▸ **AIM OF THE EXERCISE**: Copy the data that appears below exactly. Drop the pictures.
INFORMATION PROVIDED Start Marker
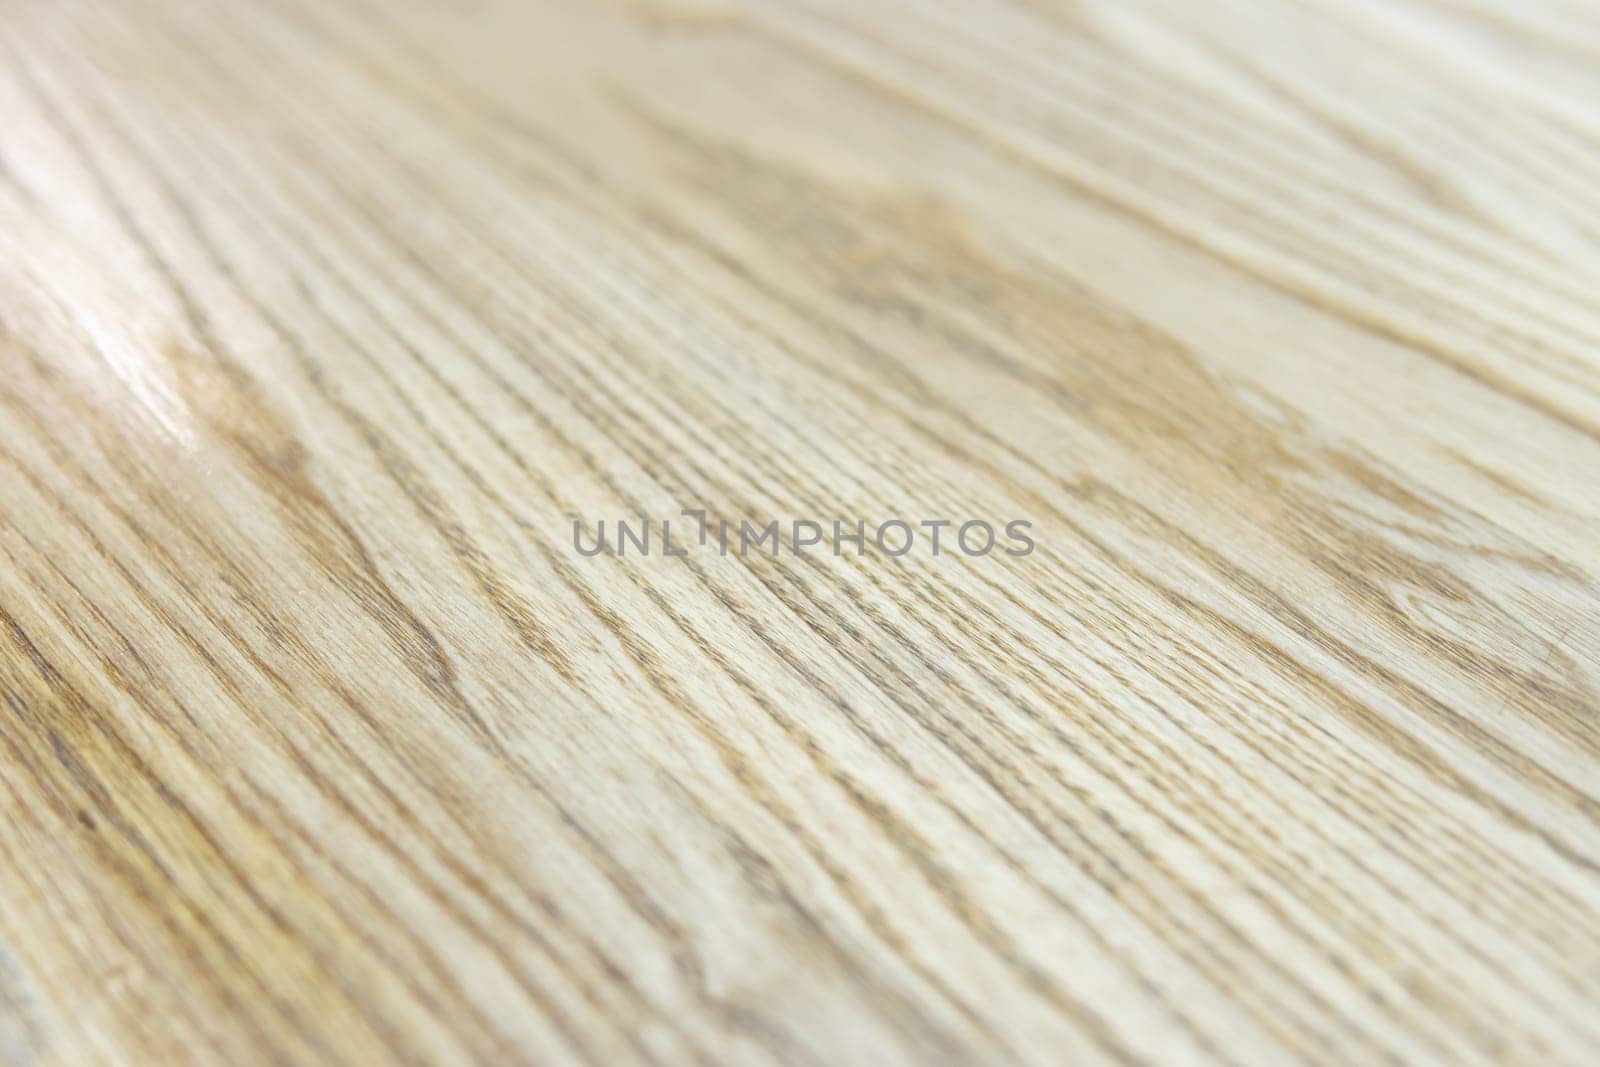 Wood texture background, wooden board in brown color.Grunge wood plank by PopOff
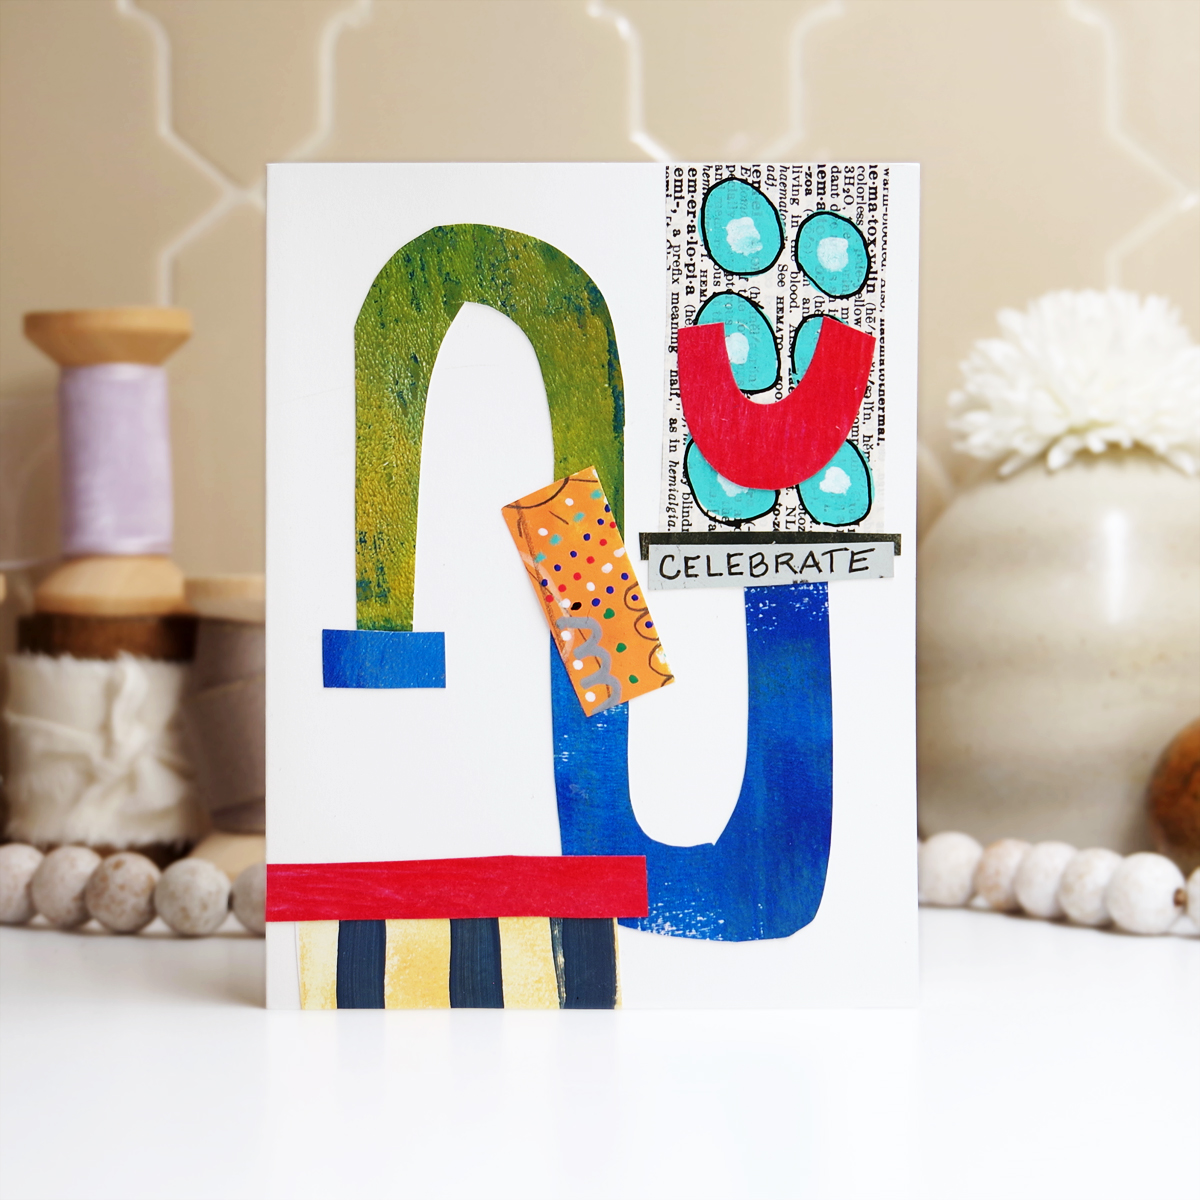 Easy DIY collage style birthday card made by cutting shapes from colored paper.
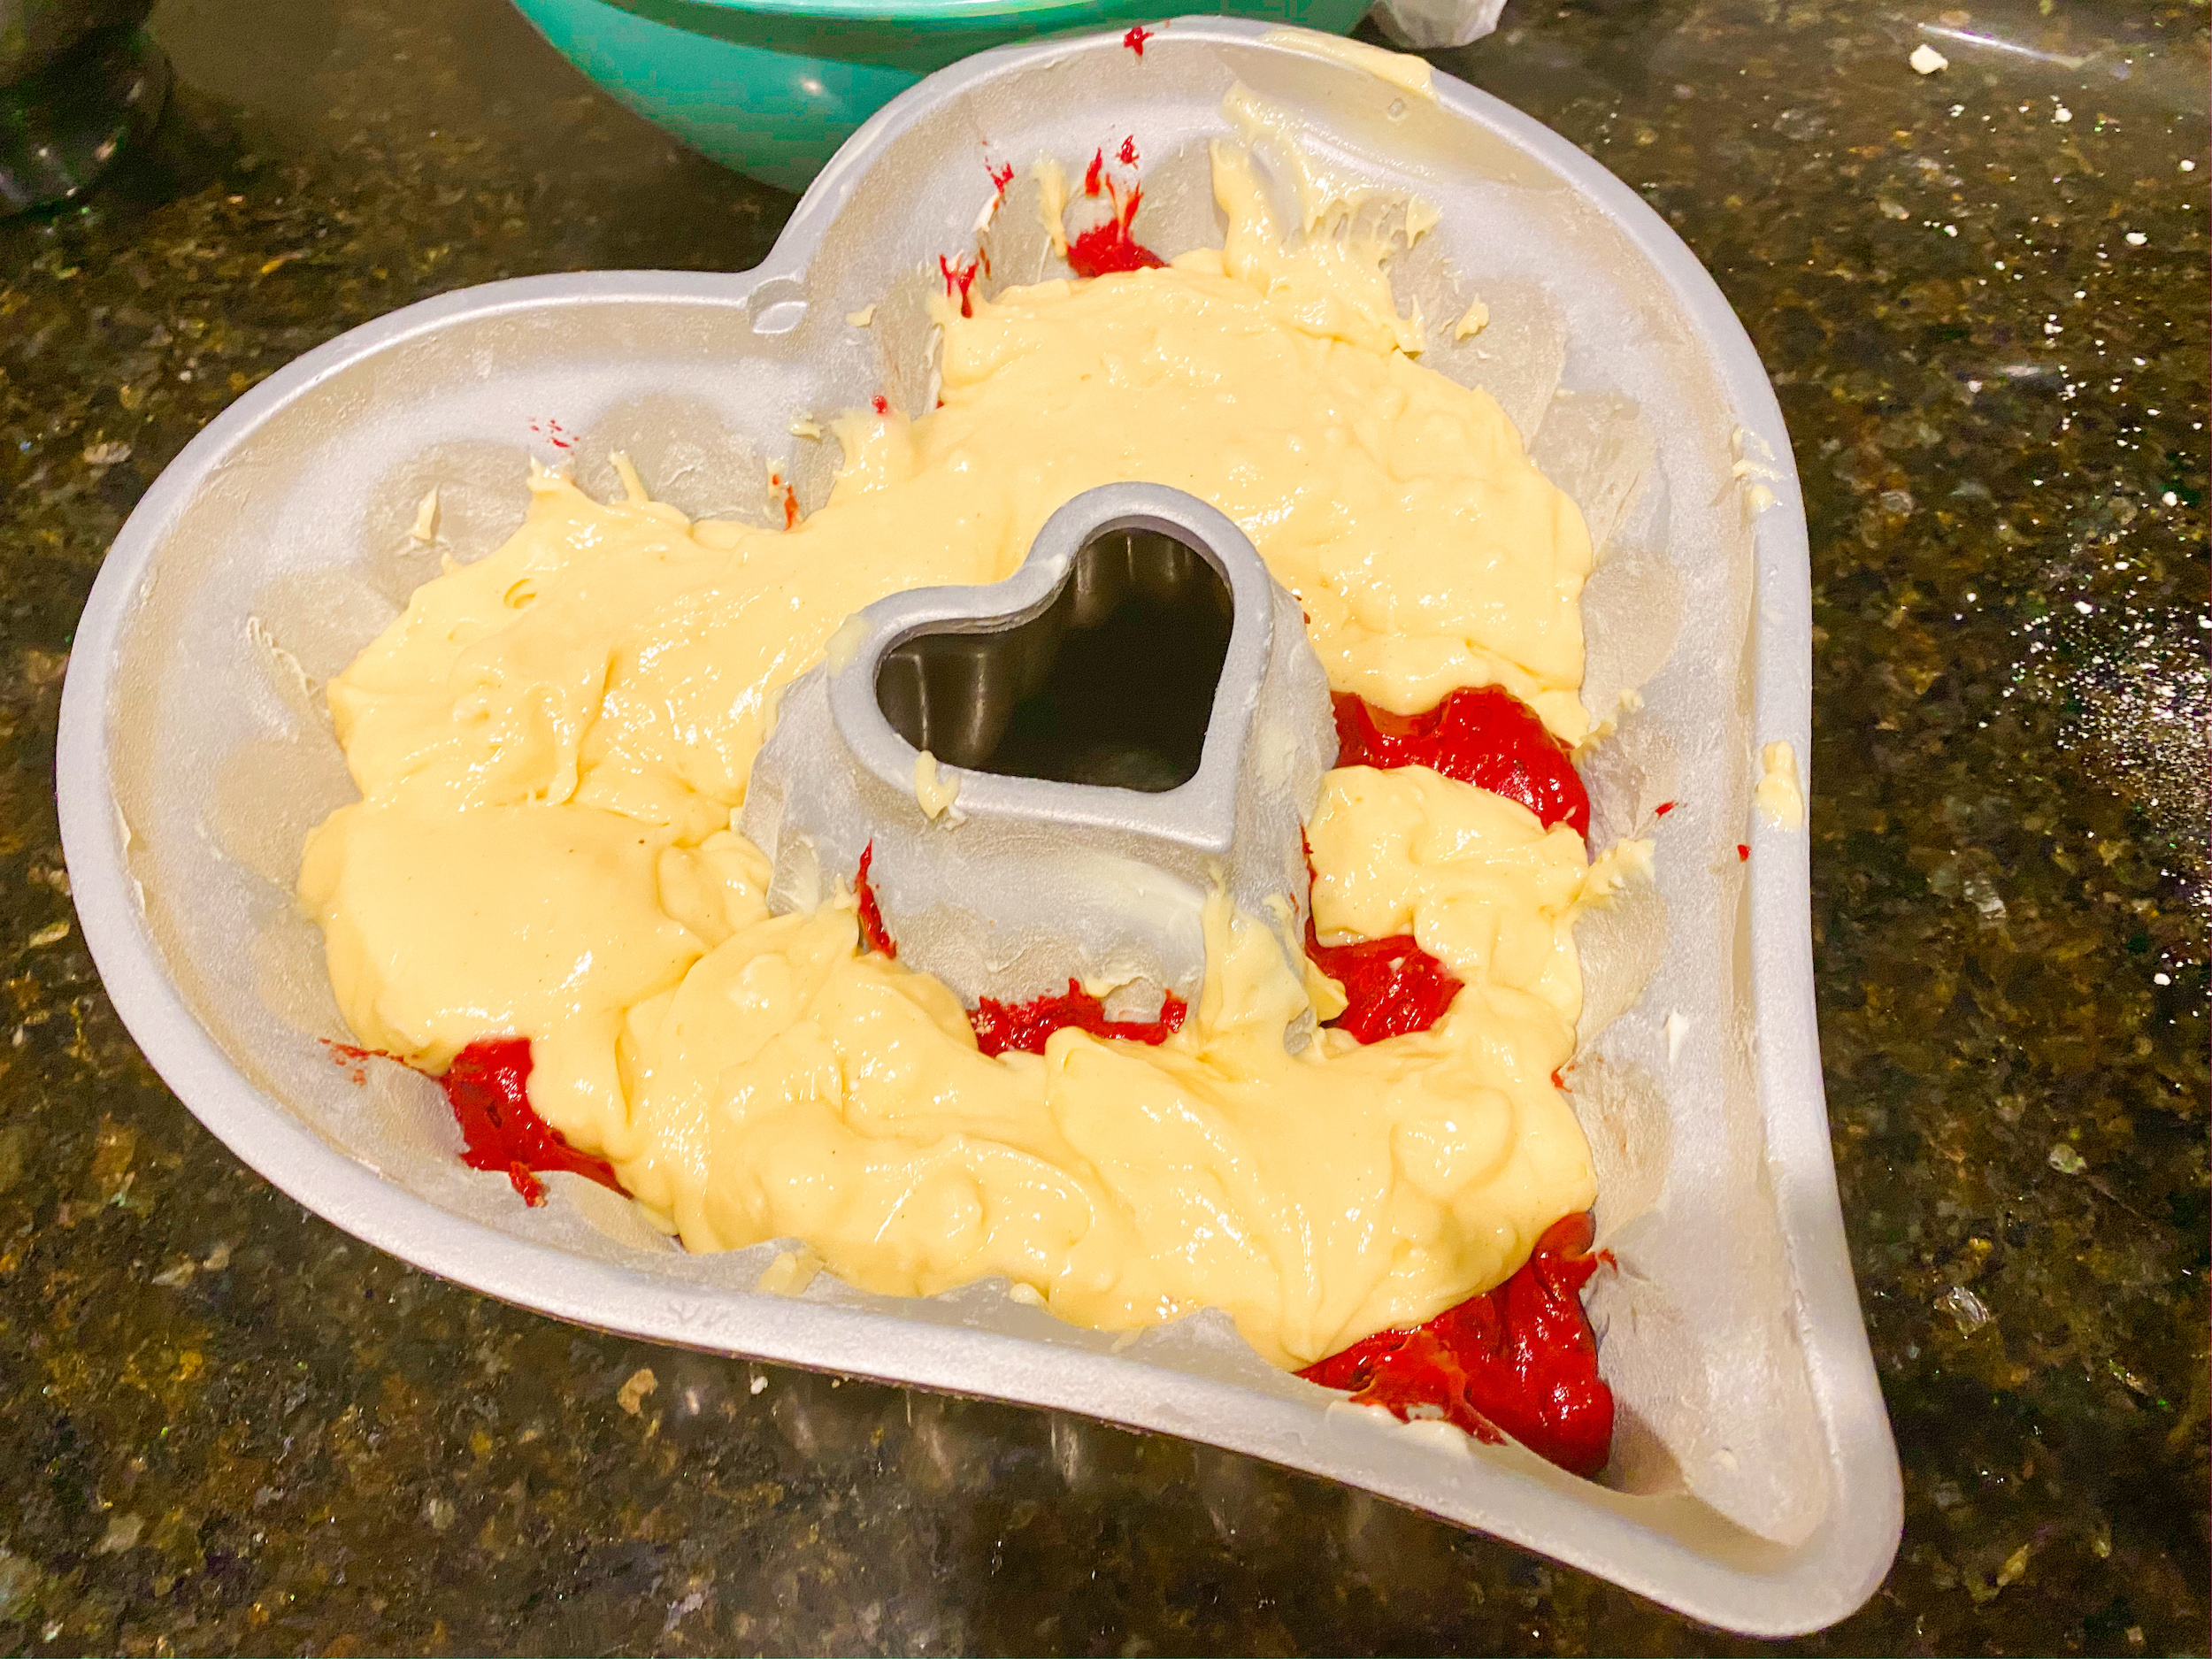 Layered red velvet and yellow bundt cake mix in a heart shaped bundt cake pan.
INFORMATION PROVIDED End Marker
▸ **ANSWER TO THE PROBLEM**:
 Wood texture background, wooden board in brown color.Grunge wood plank by PopOff
 Easy DIY collage style birthday card made by cutting shapes from colored paper.
 Layered red velvet and yellow bundt cake mix in a heart shaped bundt cake pan.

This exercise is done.